Uma mudança recente nas regras para tirar a carteira de motorista tem gerado dúvidas entre quem pretende se habilitar. Mesmo com a atualização na legislação, a aplicação prática ainda não é igual em todo o país.
Isso acontece porque, apesar da aprovação nacional, nem todos os órgãos responsáveis pelo trânsito estão seguindo imediatamente a nova exigência. A situação tem levantado questionamentos sobre o que realmente é obrigatório neste momento.
Lei exige exame, mas estados ainda não aplicam a regra
O Congresso Nacional aprovou alterações no Código de Trânsito Brasileiro após derrubar vetos presidenciais à Lei nº 15.153/2025. Com isso, o exame toxicológico passou a ser exigido para todas as categorias de habilitação, inclusive para quem vai tirar a CNH pela primeira vez.
Na prática, isso significa que novos motoristas também deveriam passar por esse tipo de teste, que identifica o uso de substâncias psicoativas no organismo.
Apesar disso, a exigência ainda não está valendo de forma efetiva em todos os estados. Segundo a Secretaria Nacional de Trânsito, a medida ainda depende de regulamentação final por parte do Conselho Nacional de Trânsito.
Detrans seguem regras antigas enquanto norma não é definida
Enquanto não há uma decisão definitiva, departamentos estaduais de trânsito continuam operando com as regras anteriores. Em locais como Minas Gerais, por exemplo, o exame toxicológico segue obrigatório apenas para motoristas das categorias C, D e E.
Isso cria um cenário em que candidatos à primeira habilitação conseguem iniciar e concluir o processo sem precisar realizar o exame, mesmo com a nova lei já aprovada.
A situação acontece porque a implementação depende de ajustes técnicos e operacionais, que ainda estão em análise pelos órgãos responsáveis.
Entenda como funciona o exame toxicológico
O teste que passou a ser exigido na nova legislação tem como objetivo avaliar se o motorista está apto para conduzir veículos com segurança.
O exame é feito a partir de amostras como:
- Cabelo
- Pelos do corpo
- Unhas
Esses materiais permitem identificar o consumo de substâncias ao longo de meses, oferecendo um histórico mais amplo do comportamento do condutor.

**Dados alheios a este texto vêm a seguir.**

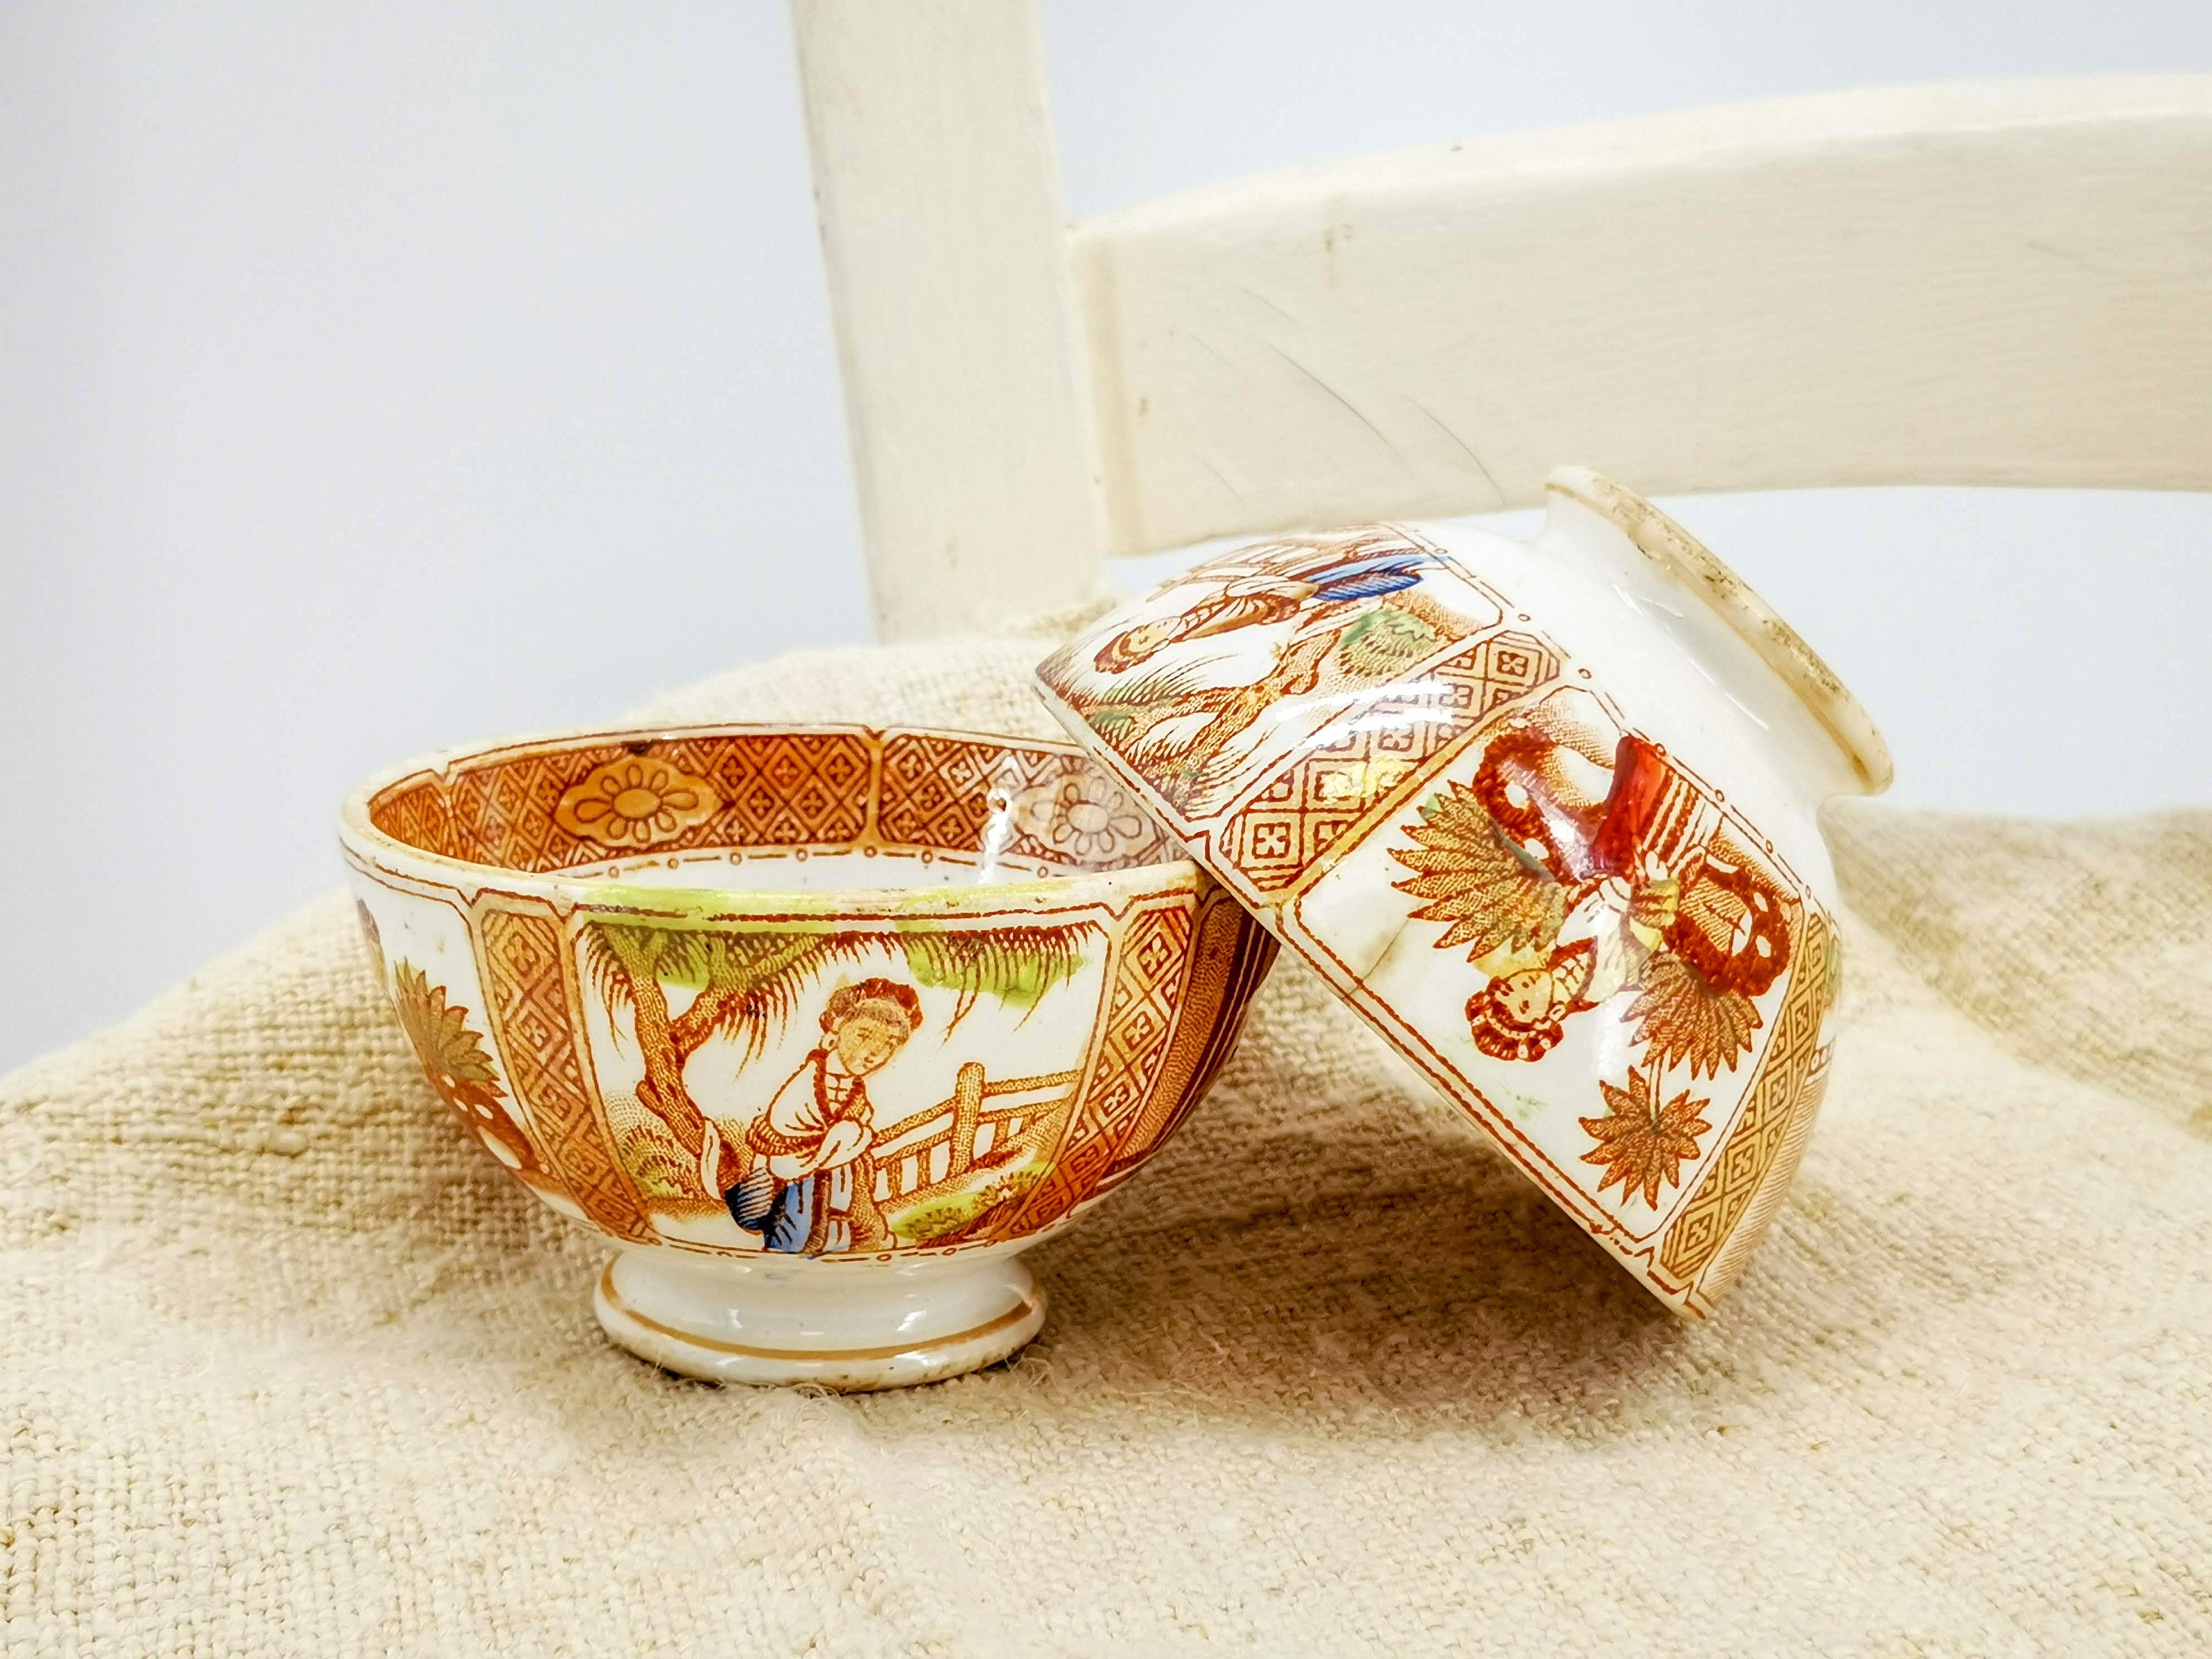 ancien petit bol cafè au lait, décor de transfert polychrome, scènes style chinois avec des femmes, ancien belge en céramique signé boch fréres

A coleta é realizada em laboratórios credenciados, que enviam o material para análise especializada. Caso o resultado aponte uso de drogas ilícitas, o processo para obtenção da CNH pode ser interrompido.
O que ainda está em análise pelas autoridades
Antes de tornar a regra obrigatória em todo o país, o governo avalia os possíveis impactos da medida. Entre os pontos analisados estão:
- Capacidade dos laboratórios para atender a demanda
- Custos para os candidatos à habilitação
- Impactos no tempo do processo de emissão da CNH
Somente após essa avaliação completa, o Conselho Nacional de Trânsito deve definir quando e como a exigência será aplicada de forma uniforme.
Até lá, o cenário segue dividido, com estados adotando práticas diferentes mesmo diante de uma lei nacional já aprovada.